Benvolio is still just a youth who likes to jest and celebrate with his friends, but he is a faithful companion who comforts Romeo when he pines over Rosaline and cares for Mercutio as he dies. The virtuous Benvolio ends up as one of the play’s ultimate victims. In spite of his efforts to make peace, both of his closest friends die.
The English adjective "benevolent" derives from the Latin "benevolentia." This Latin word is a combination of "bene" (meaning "well") and "volantem" (meaning "to wish").
Therefore, "benevolent" literally means that someone "wishes well."

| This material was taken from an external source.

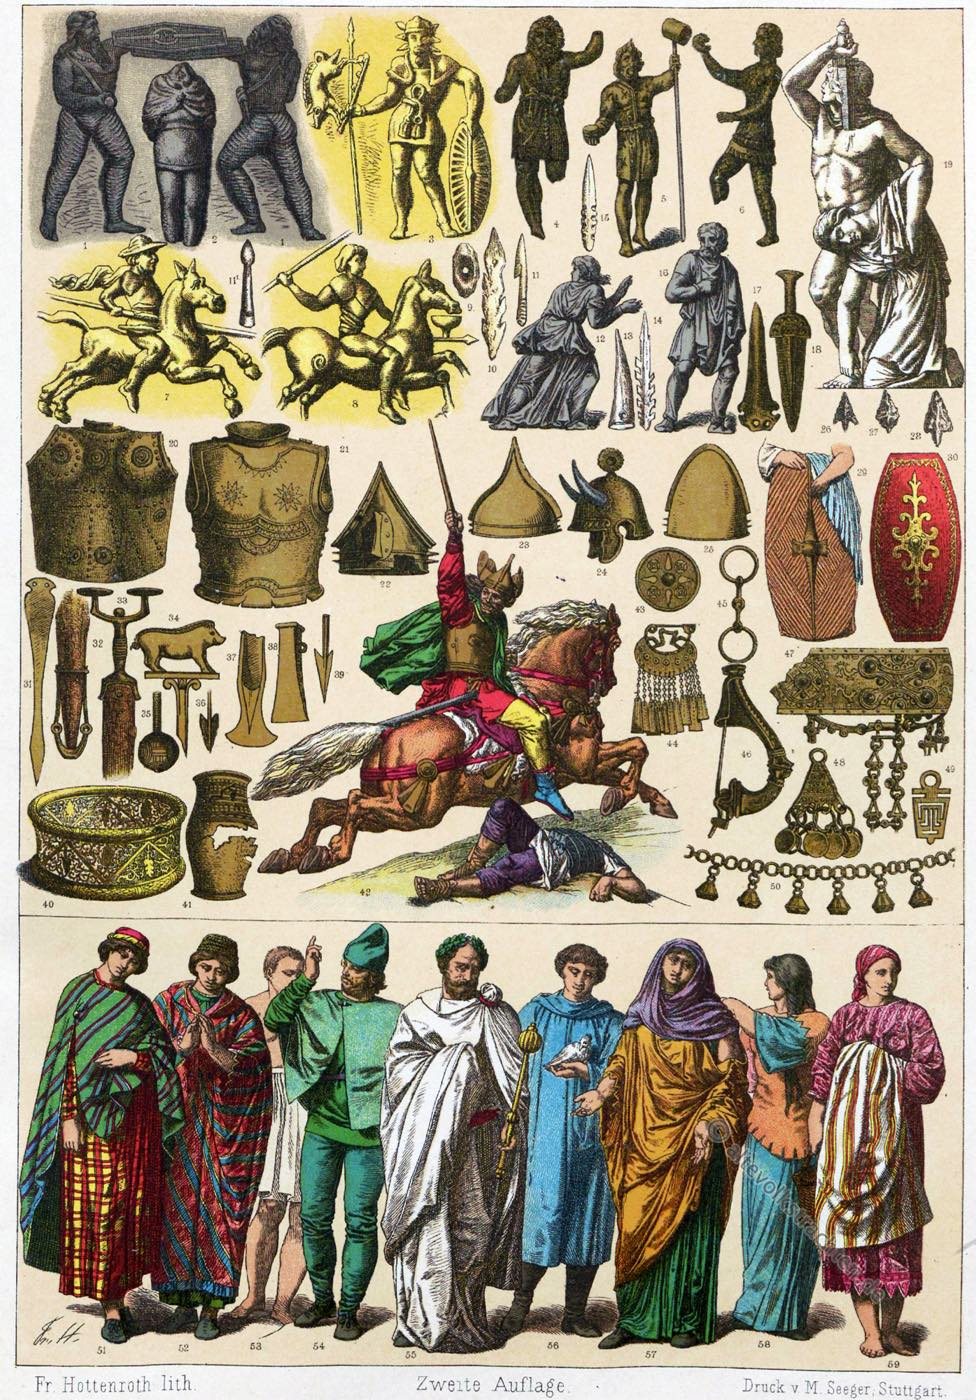 Gallier, Galloromanen, Gewandung, Gallien, Kultur, Kostüme, Waffen, Soldaten

In Shakespeare's "Romeo and Juliet," the character Benvolio stands out as someone who wishes well on the characters in general. He attempts to keep or generate peace (albeit unsuccessfully) between the warring Montague and Capulet families.
At the start of the play, Benvolio tries to distract his cousin Romeo from his affection for Rosaline: "By giving liberty unto thine eyes; Examine other beauties." (Act I, Scene 1)
Benvolio also tries to prevent fights and duels. ("Part, fools! Put up your swords; you know not what you do." - Act I) When Romeo slays Juliet's cousin Tybalt, Benvolio tries to reduce the punishment from death to banishment.
In William Shakespeare's Romeo and Juliet, Benvolio's name comes from the word "benevolent". Benevolent is derived from the Latin words "bene", meaning "well", and "volente", meaning "wishing".
Benvolio's character is the very epitome of a well-wisher, or a peace-keeper. He is the character who is constantly trying to avoid conflicts, or break up fights.
I do but keep the peace; put up they sword,
Or manage it to part these men with me.